🛒 E-commerce Sales Data Pipeline & Analysis

📌 Project Overview

This project demonstrates a professional end-to-end data engineering and analysis pipeline. Using a dataset of 10,000 retail records, it automates the process of extracting raw data, cleaning inconsistencies, and generating business-critical insights.

📊 Visual examples of the analysis results

Click the images to explore the full interactive analysis in the Jupyter Notebook.

🛠️ Tech Stack

Language: Python 3.11
Primary Library: Pandas (Advanced Data Wrangling)
Numerical Logic: NumPy (Vectorized Operations)
Visualization: Seaborn & Matplotlib
Environment: Jupyter Notebooks / VS Code

⚡ Key Engineering Features

Median Imputation: Automated handling of missing unit_price values by grouping by product type to ensure statistical accuracy.
Categorical Normalization: Cleaned inconsistent naming conventions using vectorized string operations.
Feature Engineering: Creation of performance KPIs like total_revenue and time-based metrics.
Outlier Detection: Statistical analysis to identify anomalies in sales quantities and prices.

📊 Business Insights

Sales Seasonality: Revenue peaks during the second quarter (April and May), with earnings exceeding €1.6M. Conversely, February is identified as the month with the lowest commercial activity, suggesting an opportunity for pre-emptive marketing campaigns.
Weekly Sales Trends: There is a stronger purchasing trend during weekends, with Saturday having the highest average revenue per transaction.

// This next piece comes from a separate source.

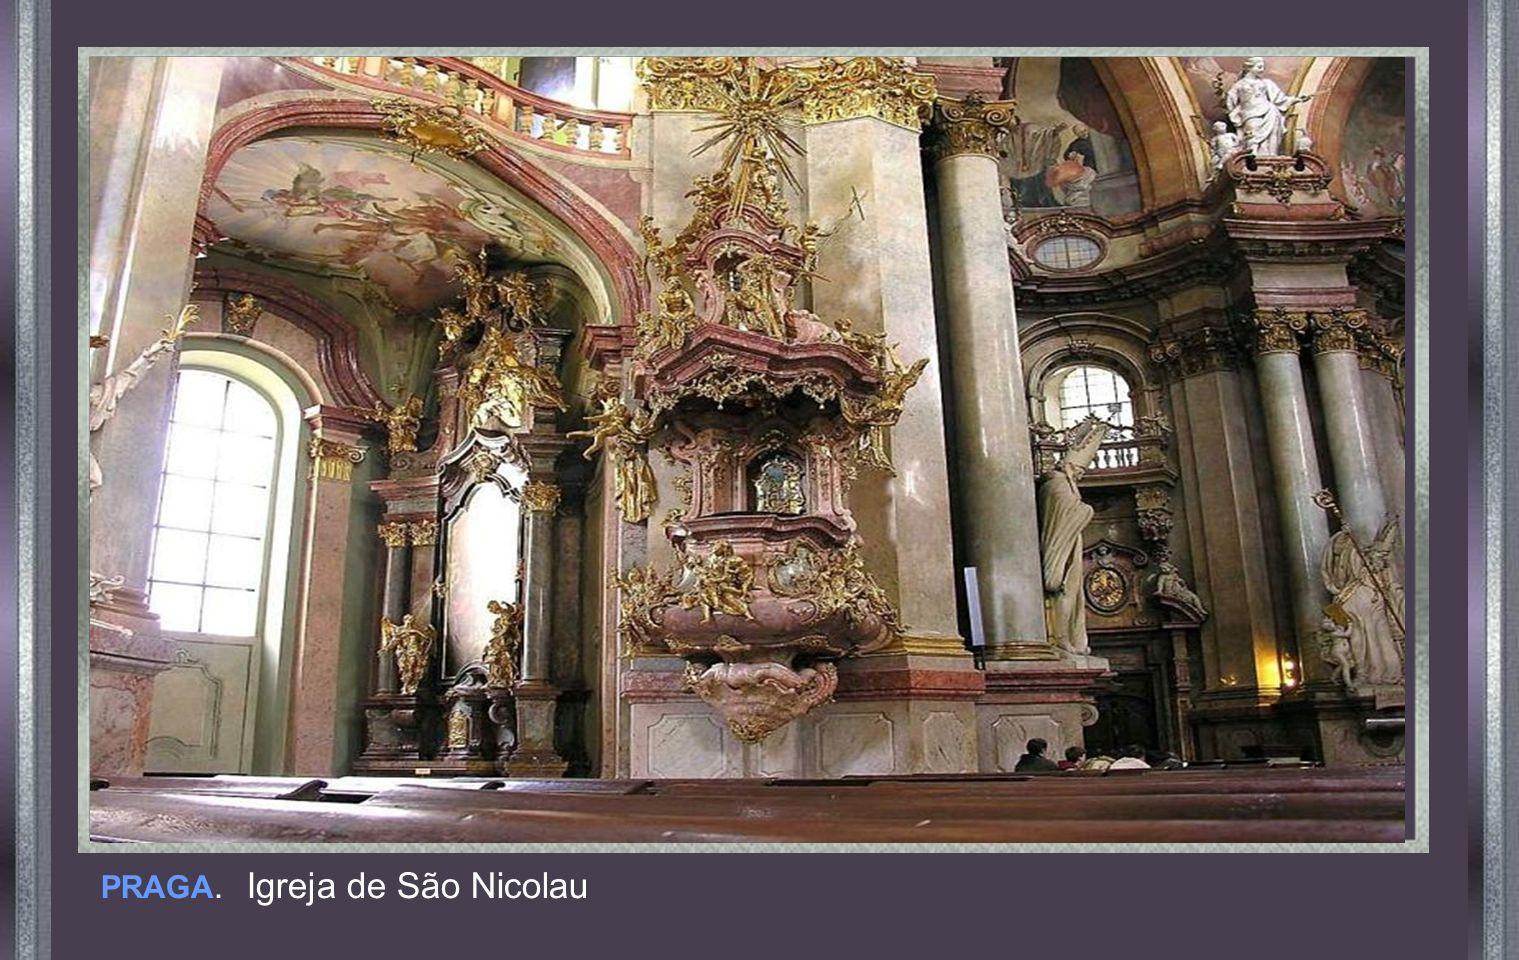 PRAGA. Igreja de São Nicolau

Mondays show the lowest sales volume of the week.
Product Performance Ranking: Keyboards and Smartphones lead revenue generation, totaling over €7.6M combined. Keyboards slightly outperform smartphones in total sales volume.
Revenue Distribution by City: Seville stands as the most profitable market with €3.87M in total sales, outperforming major hubs like Madrid and Barcelona.
Category Dominance: The Electronics sector is the primary business driver, accounting for over 50% of total revenue (€9.33M), followed by Accessories and Office products.
Customer Segmentation: There is a clear predominance of Gmail users, who account for more than 50% of total orders, which simplifies targeted segmentation for future email marketing campaigns.

📈 Key Results (2025 Analysis)

After processing 10,000 records, the pipeline yielded the following insights:

Total Revenue: $18,339,362.04
Average Order Value (AOV): $1,833.94
Top Segment: The type of customer 'User' segment represents the highest revenue share.
Regional Insight: Identified a significant market gap in the 'Office' category within the Seville region.

🚀 How to Run

Clone the repository.
Install dependencies: pip install -r requirements.txt.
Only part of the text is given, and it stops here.